What you should do: Take the line with "Cabernet Strawberry Rhubarb Pudding - Elegant" and every line after it, through the end of the listing, and give them again exactly, pictures excluded.

Raw data:

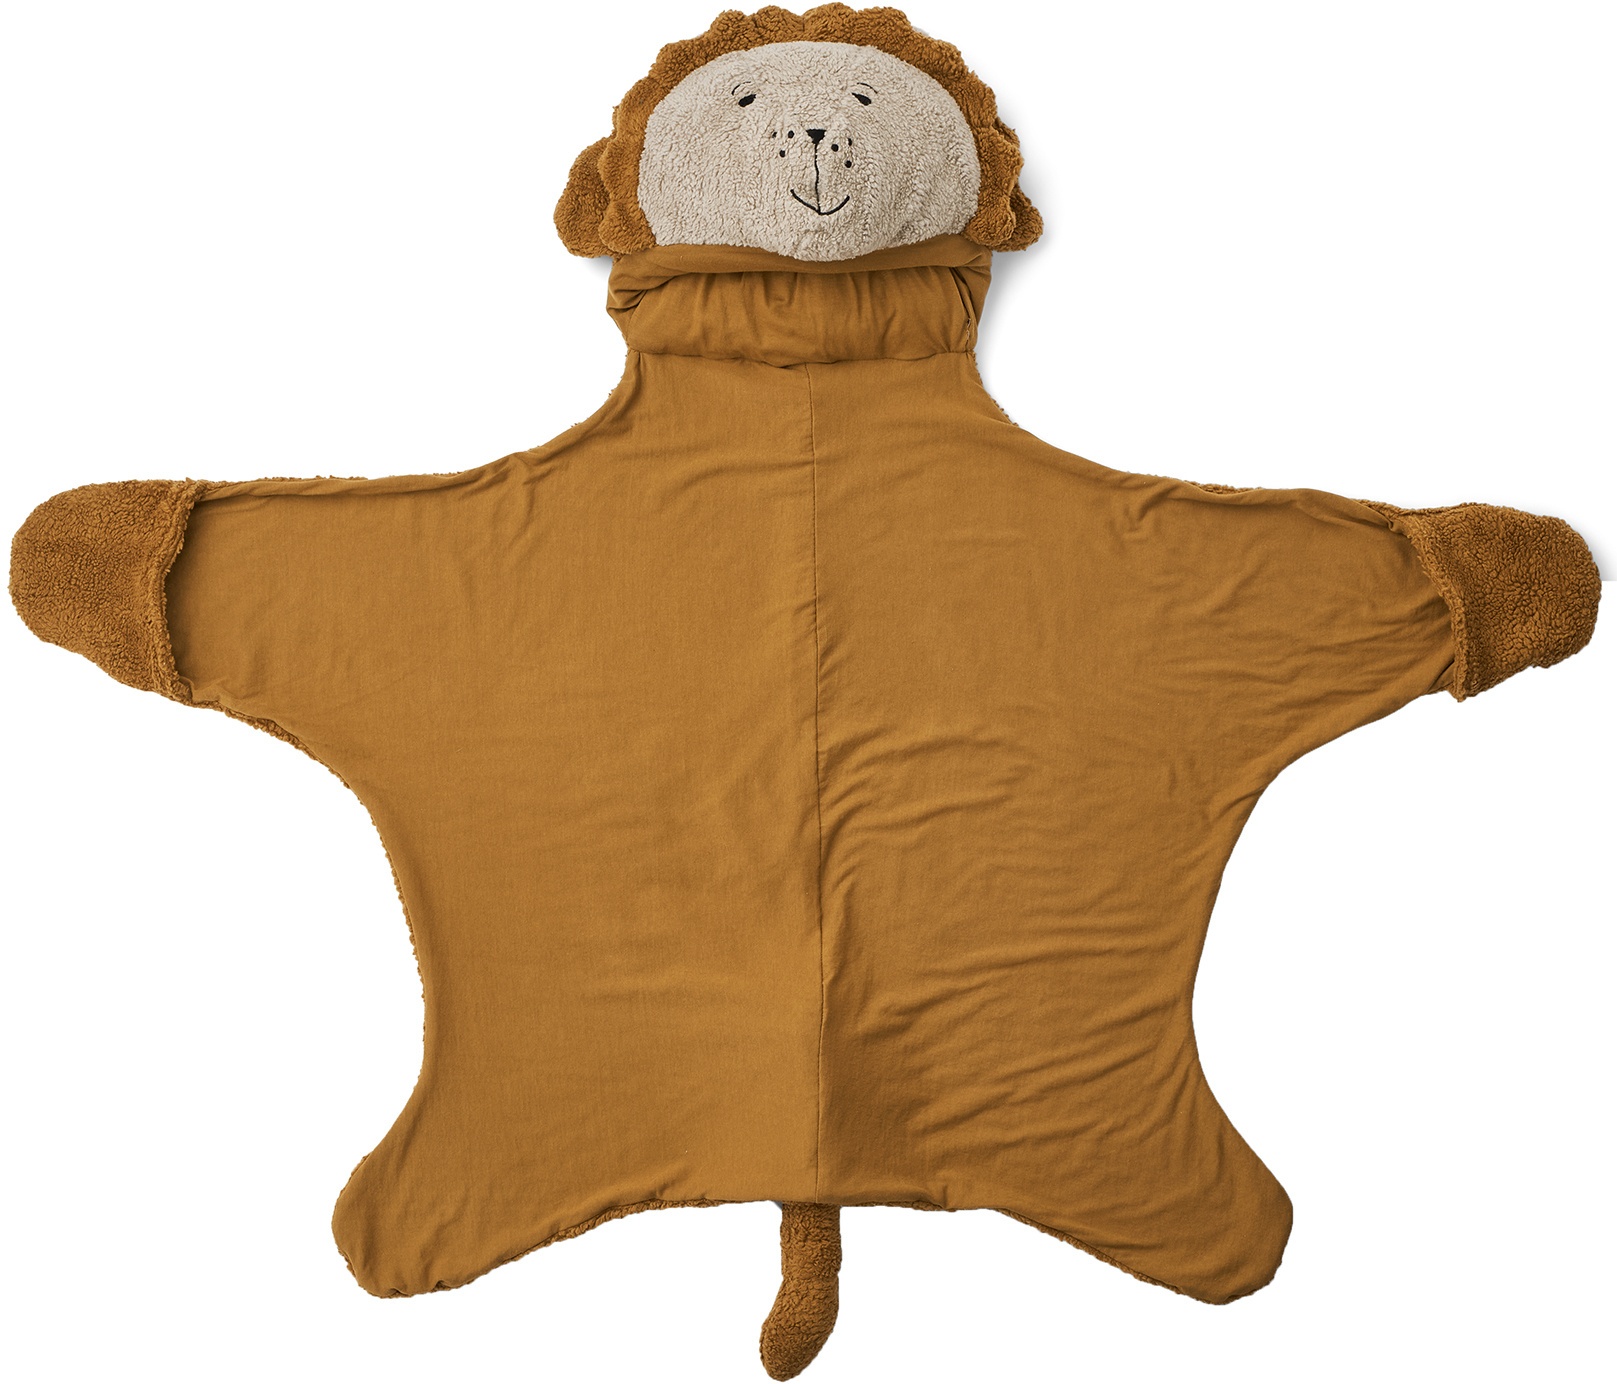 LIEWOOD - Kostüm FREY LION in golden caramel
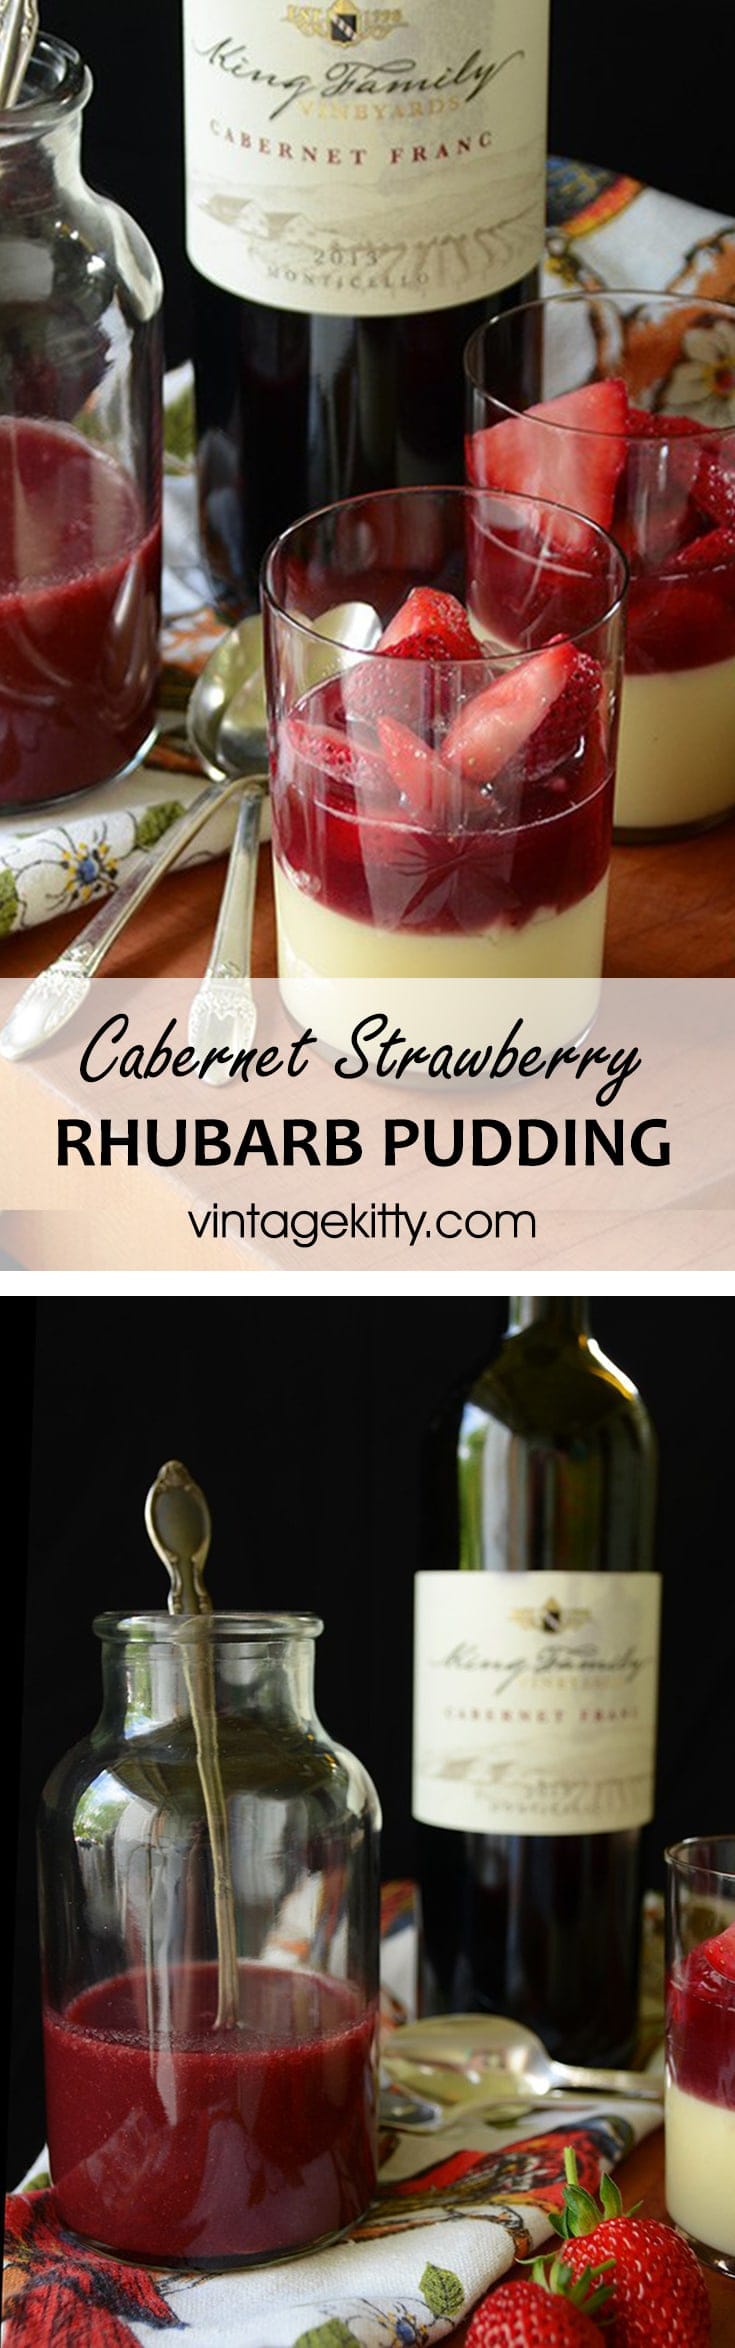 Cabernet Strawberry Rhubarb Pudding - Elegant Cabernet Strawberry Rhubarb Pudding
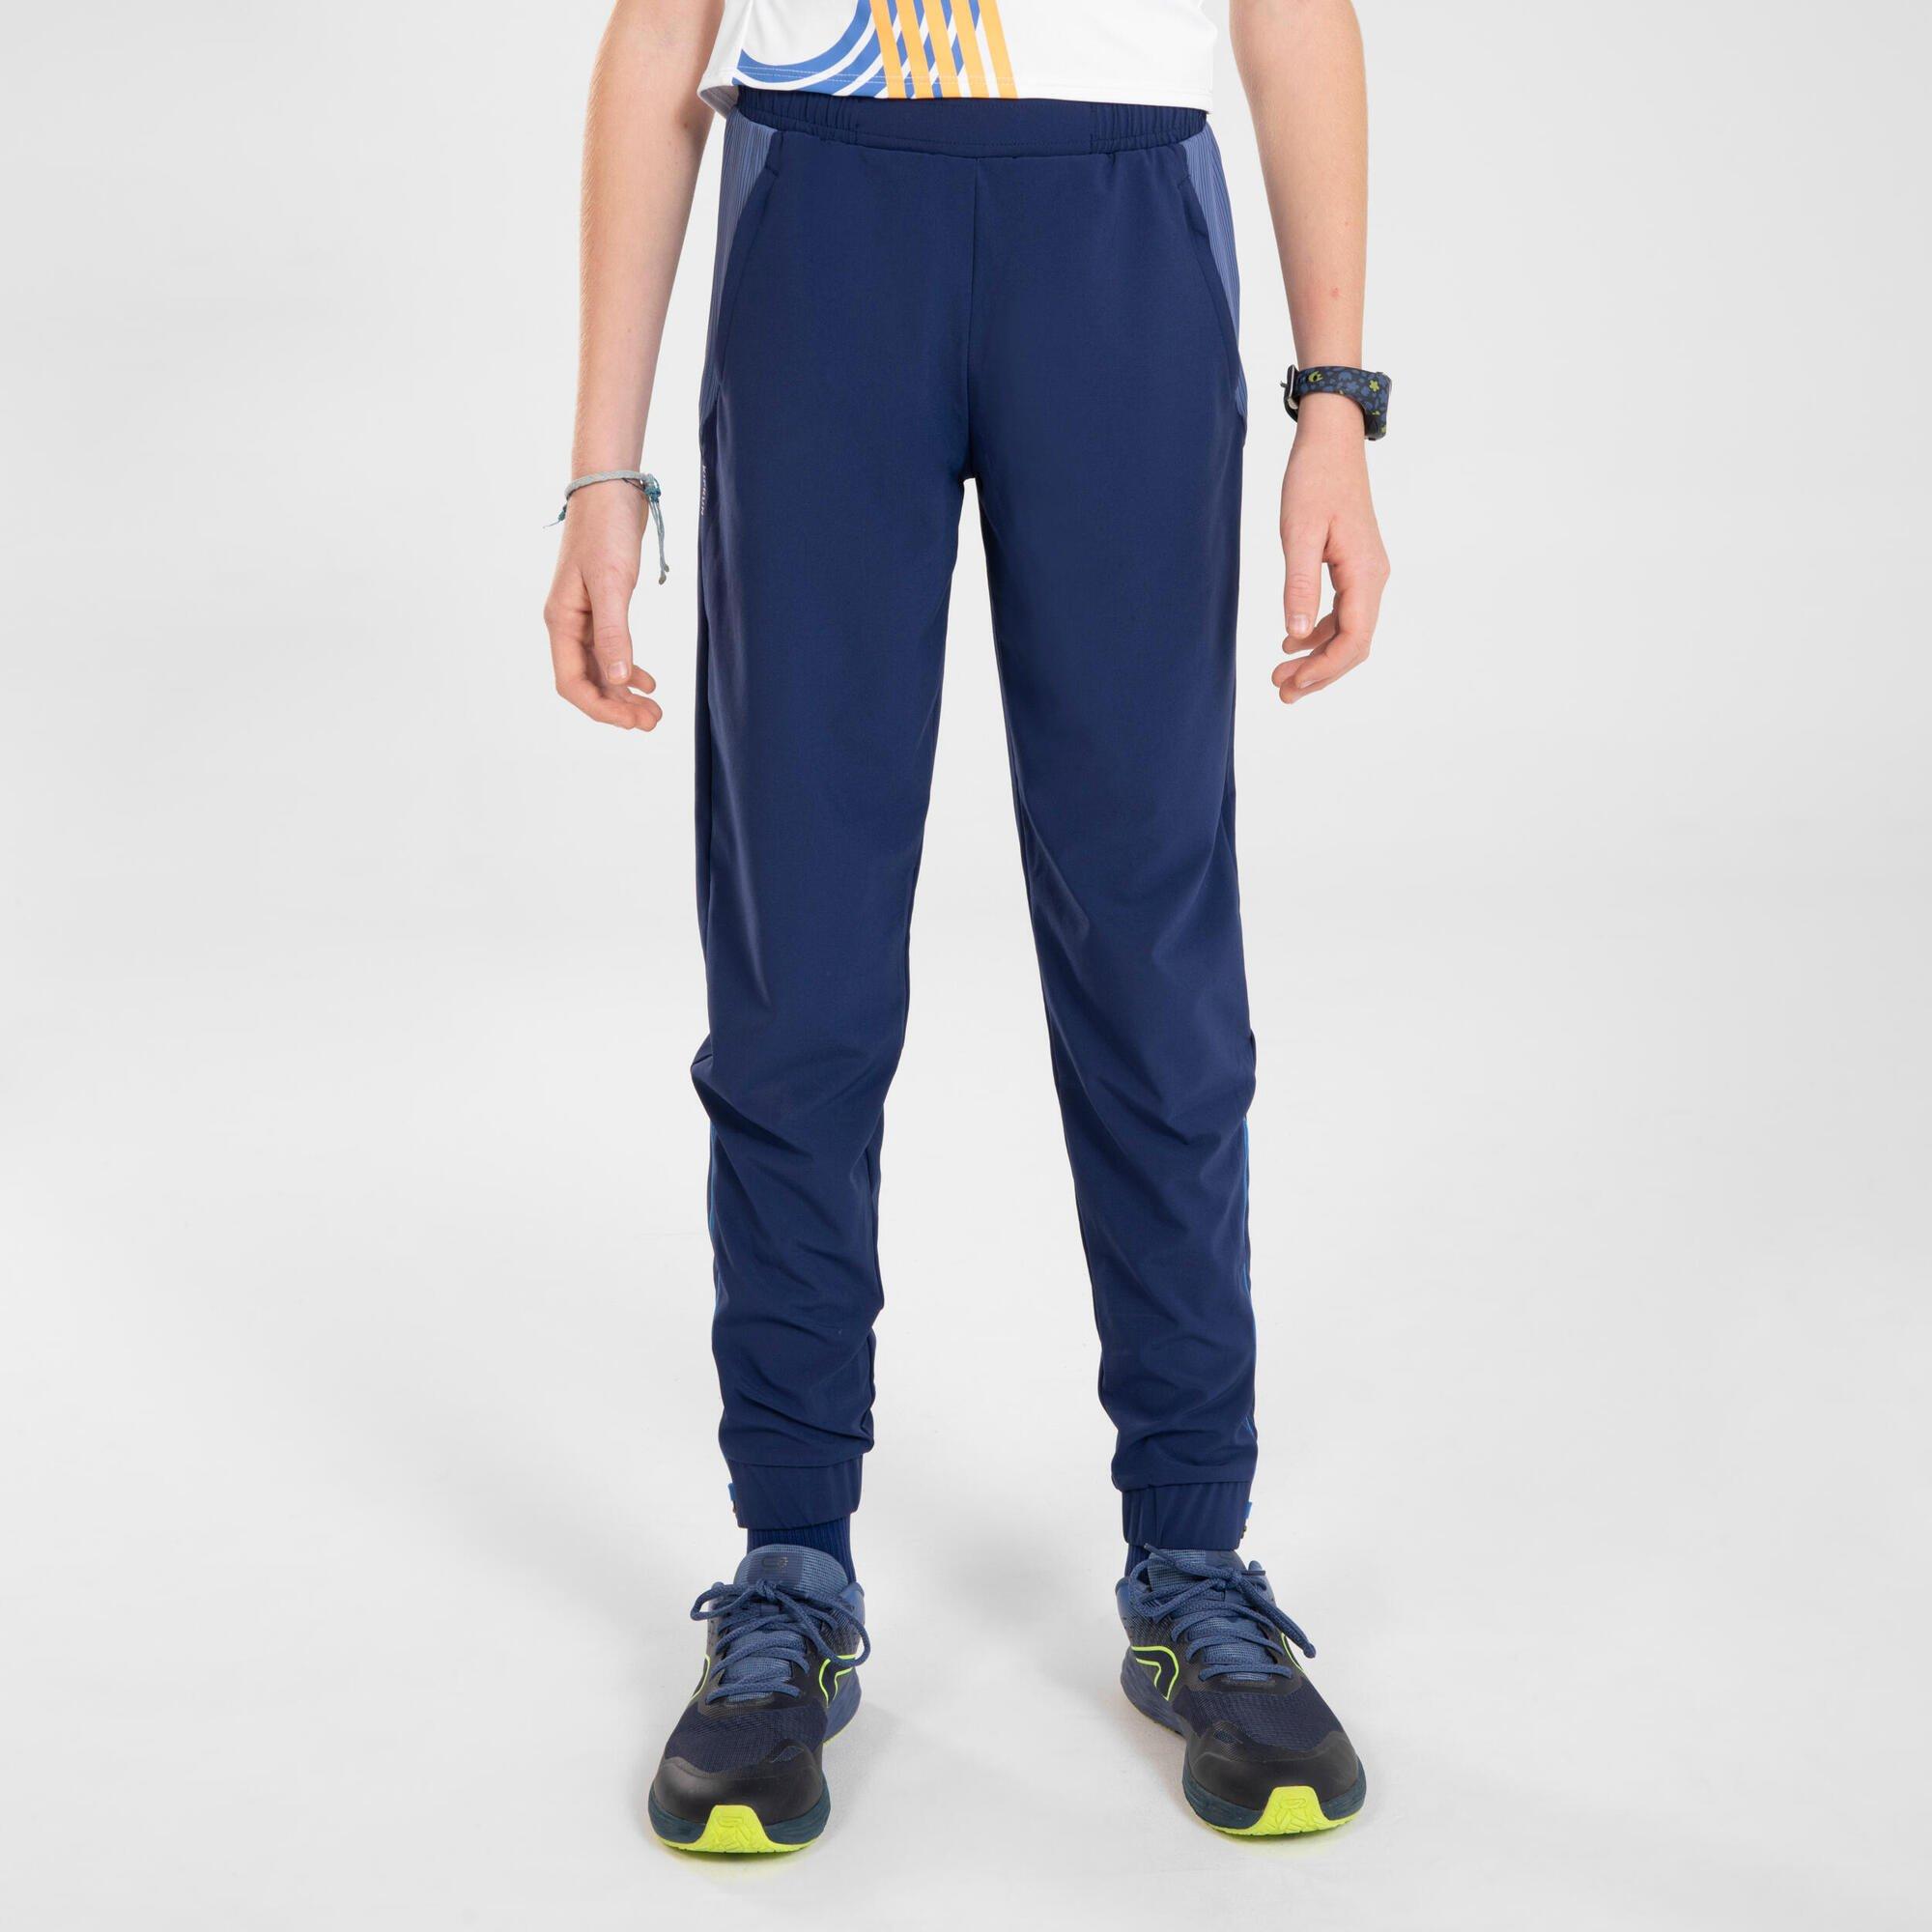 Trousers, Decathlon Kiprun Dry Running Tights

Answer box:
 Cabernet Strawberry Rhubarb Pudding - Elegant Cabernet Strawberry Rhubarb Pudding
 Trousers, Decathlon Kiprun Dry Running Tights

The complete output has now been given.